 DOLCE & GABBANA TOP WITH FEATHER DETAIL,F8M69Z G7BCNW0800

━━━━━━━━━━━━━━━━

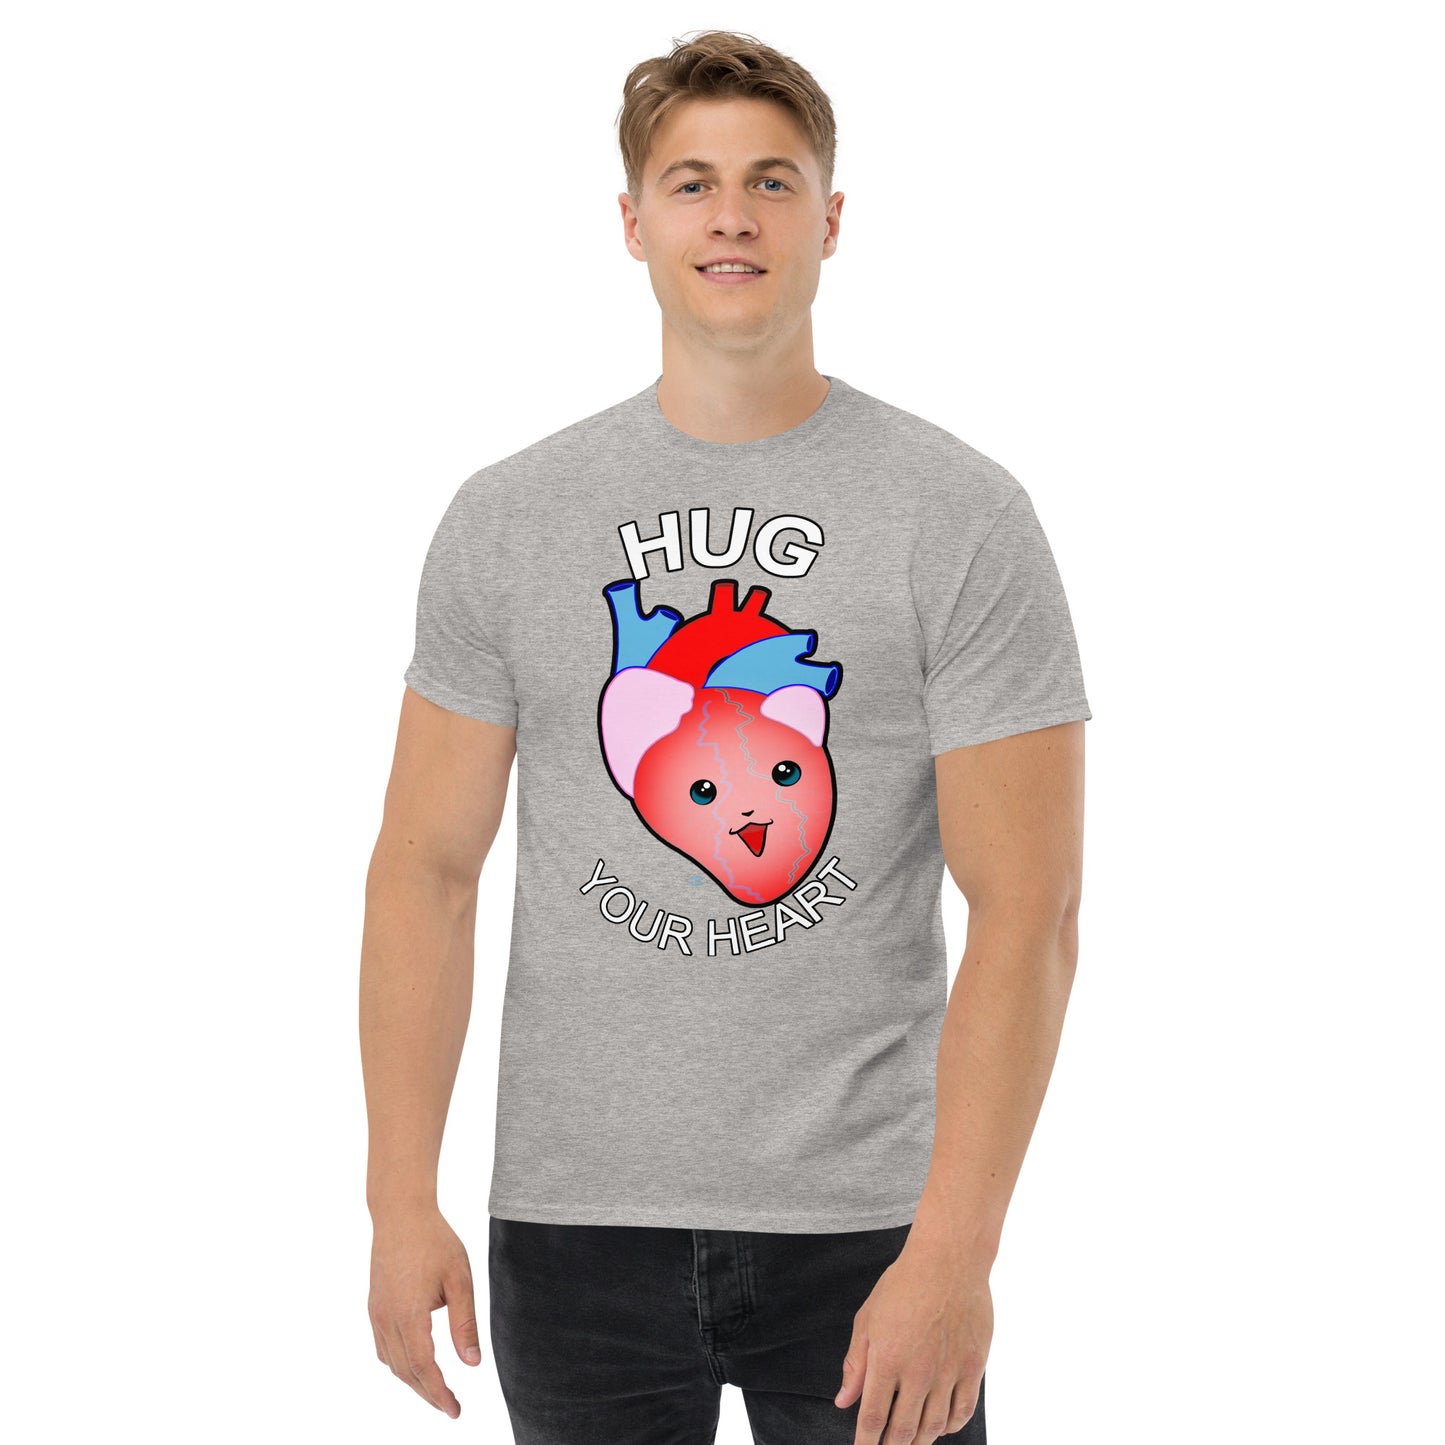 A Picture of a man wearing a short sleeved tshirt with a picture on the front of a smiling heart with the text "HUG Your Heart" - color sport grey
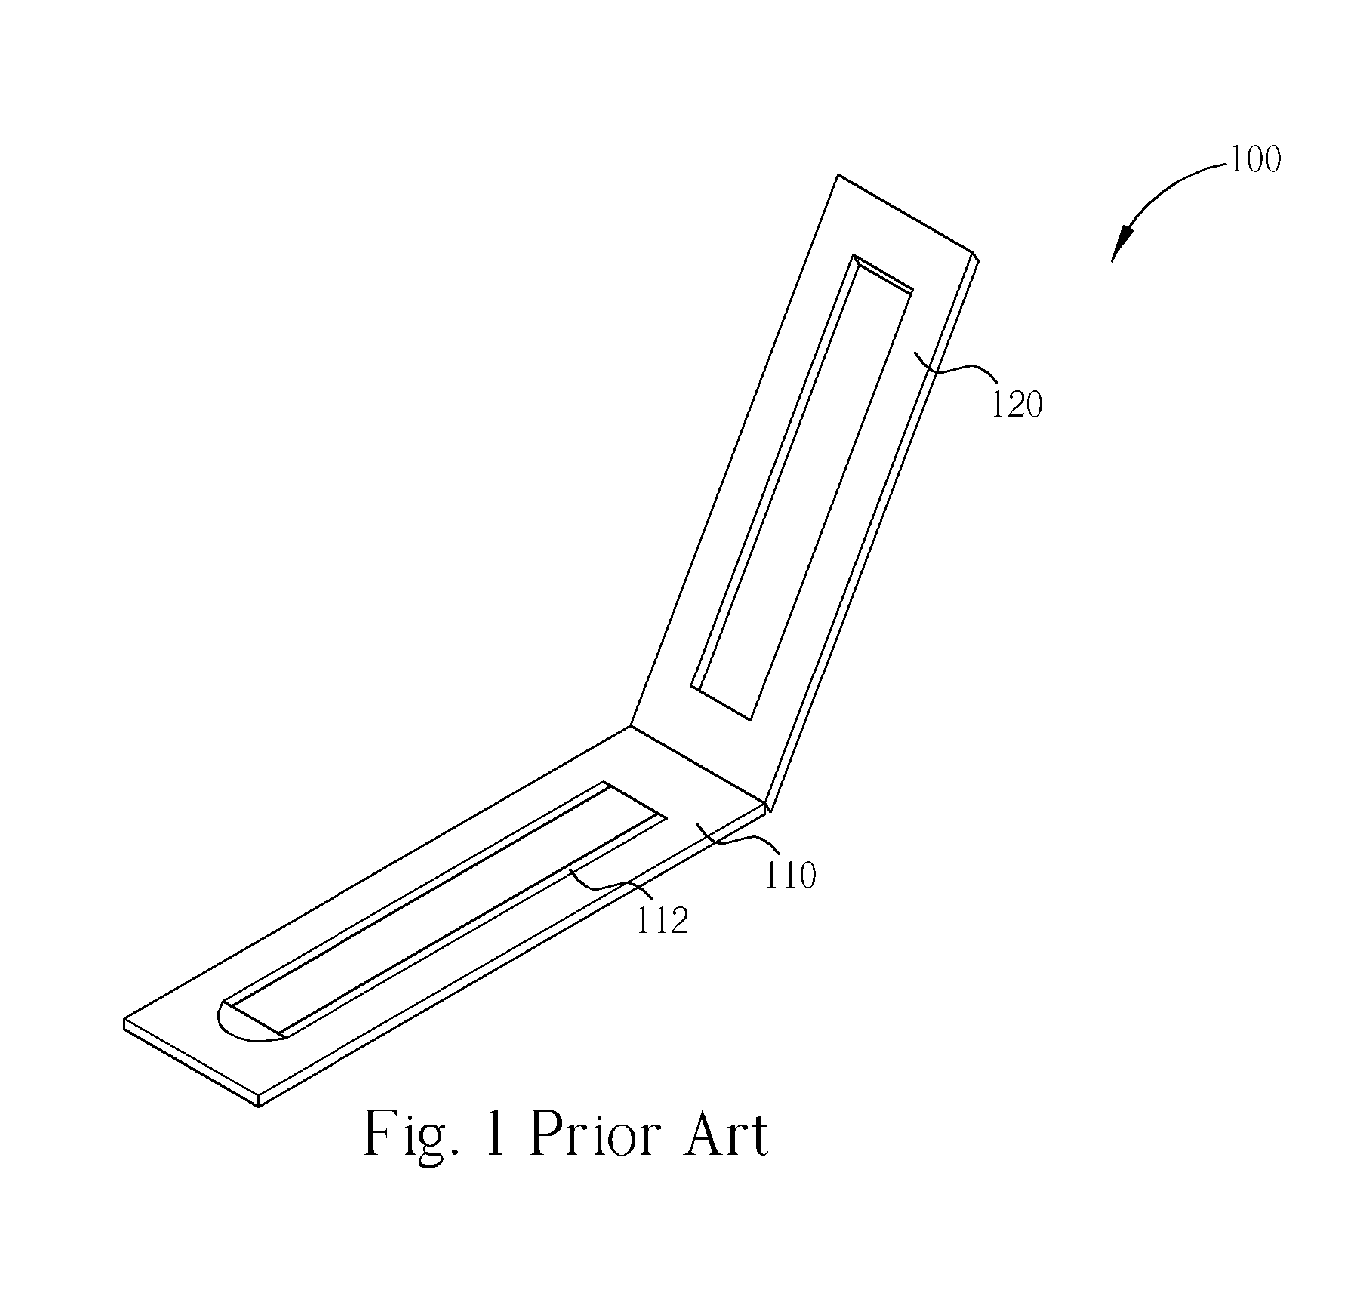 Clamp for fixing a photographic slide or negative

━━━━━━━━━━━━━━━━

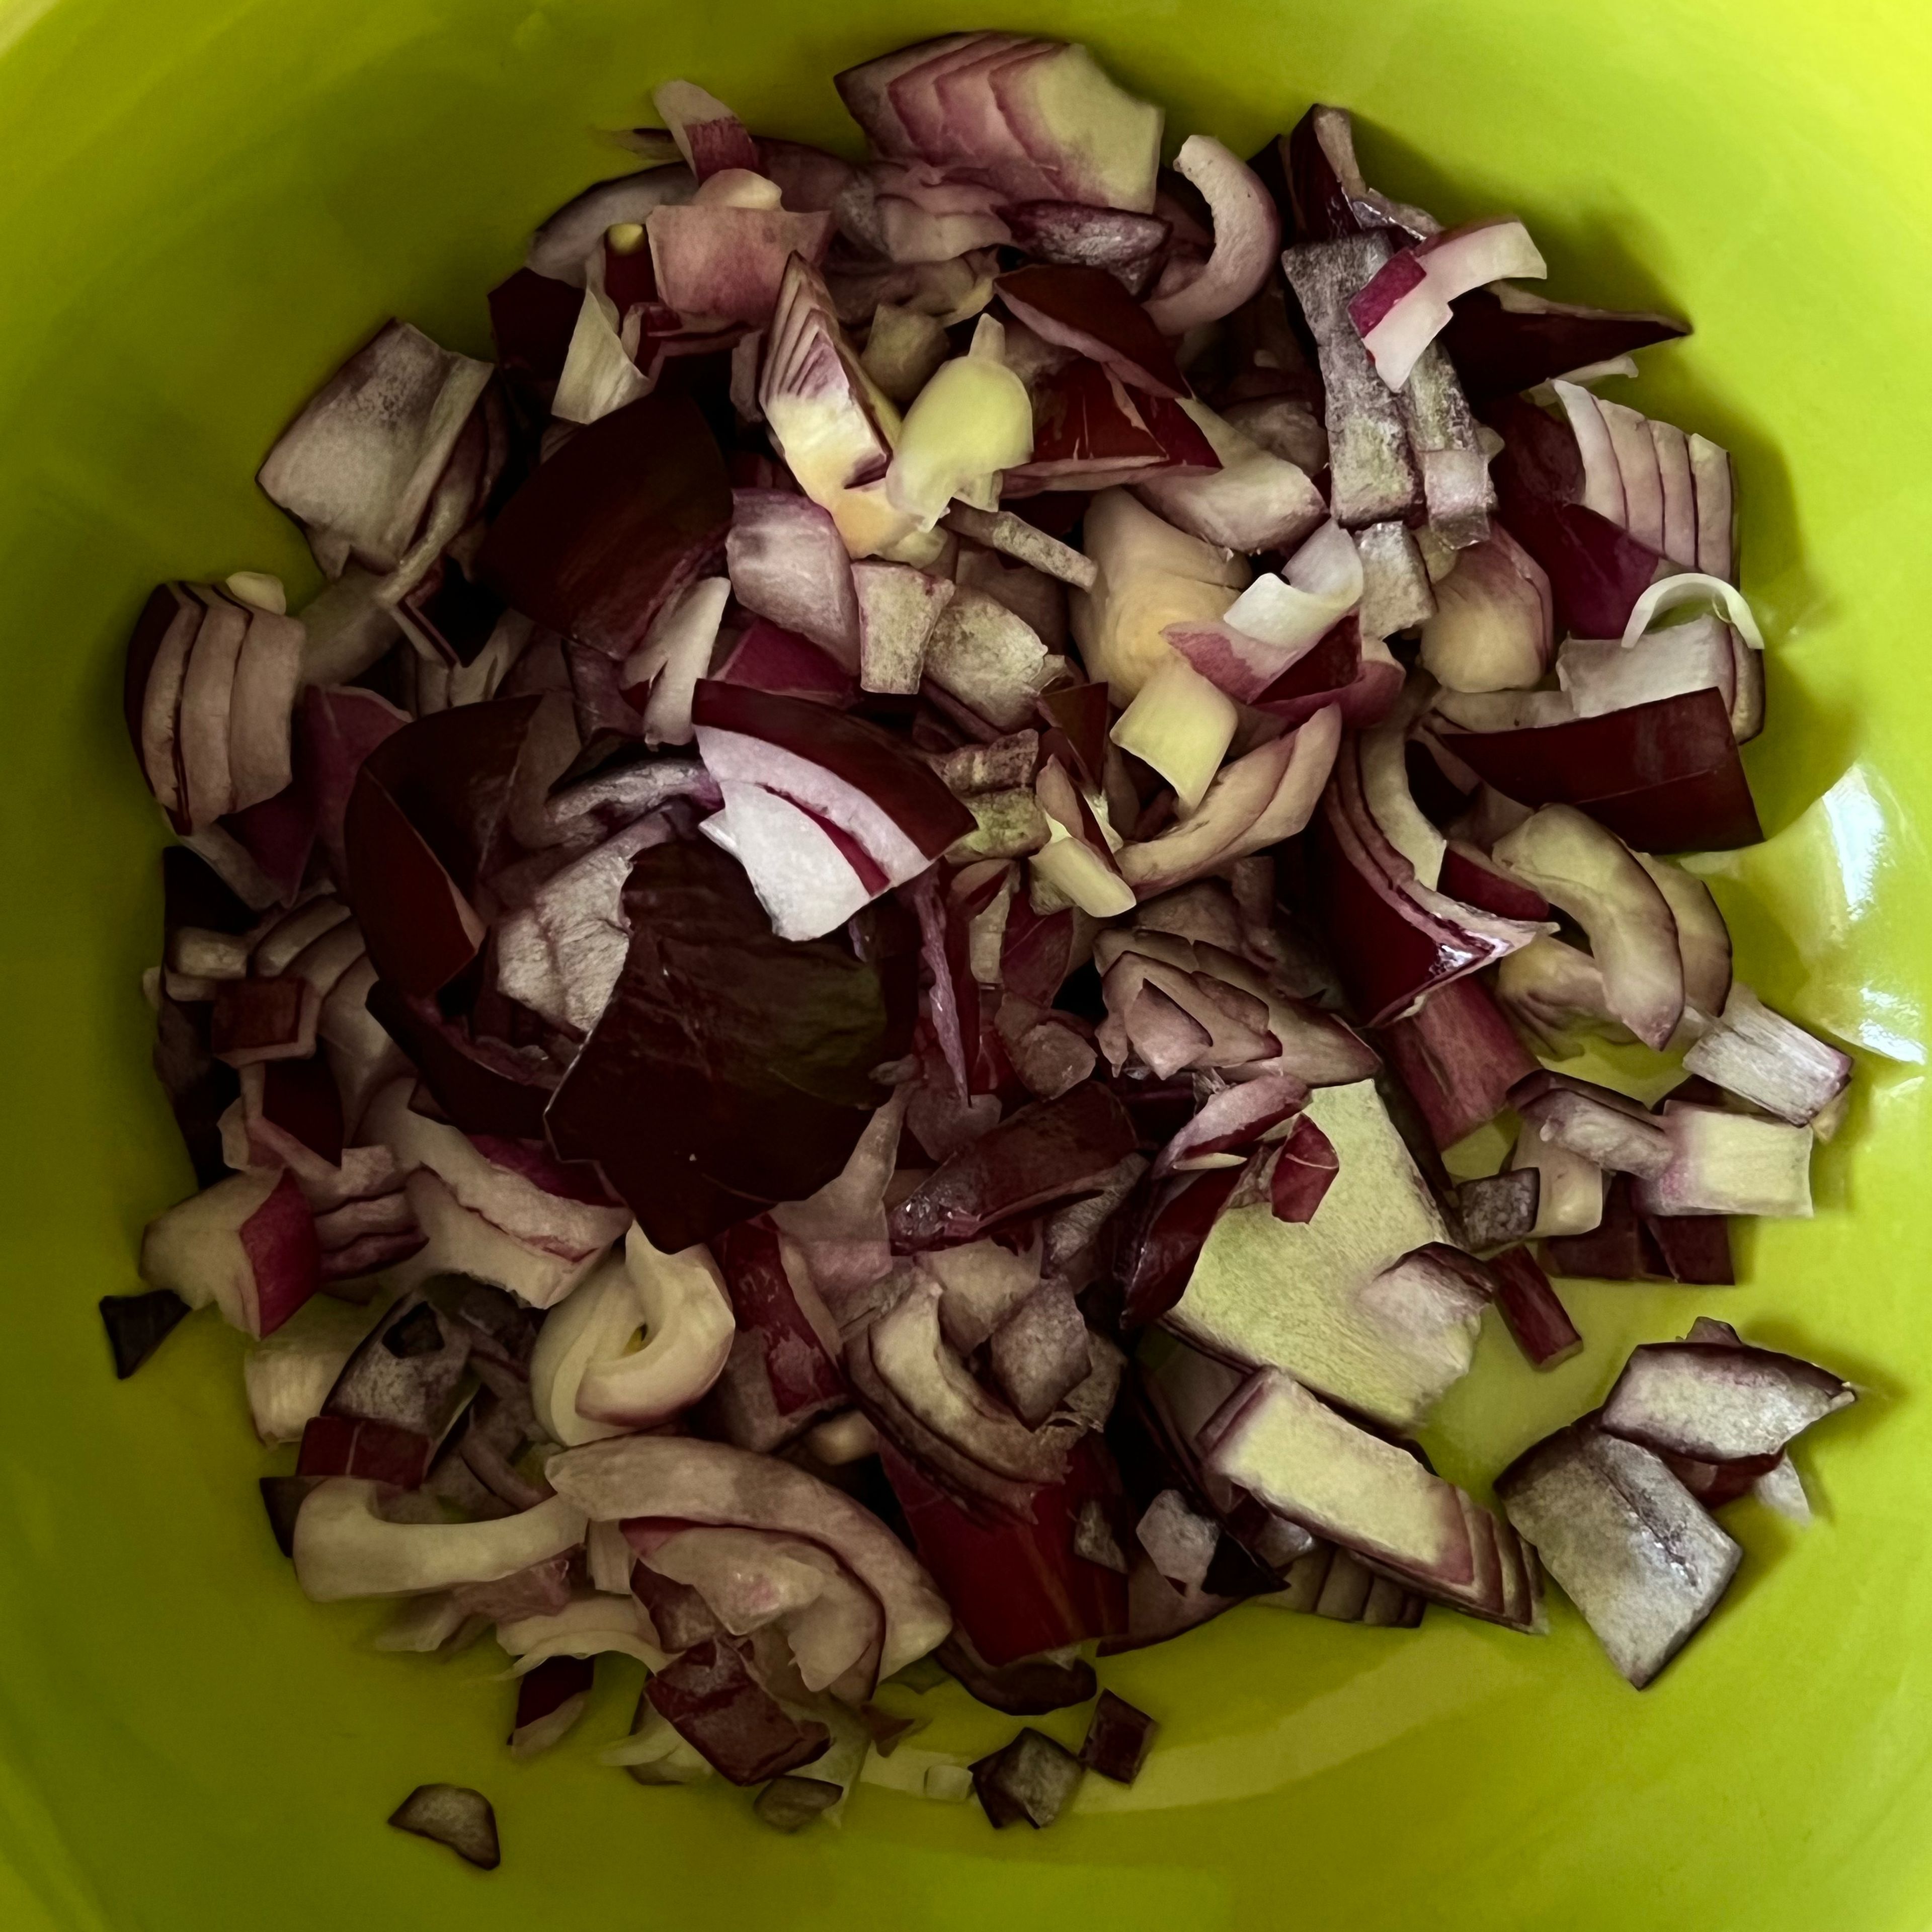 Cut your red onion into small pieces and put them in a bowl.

━━━━━━━━━━━━━━━━

Problem to solve
Your answer must be the lines above from the one holding "A Picture of" up to and including the one holding "Clamp for fixing", exact and with no pictures.

Your solution
 A Picture of a man wearing a short sleeved tshirt with a picture on the front of a smiling heart with the text "HUG Your Heart" - color sport grey
 Clamp for fixing a photographic slide or negative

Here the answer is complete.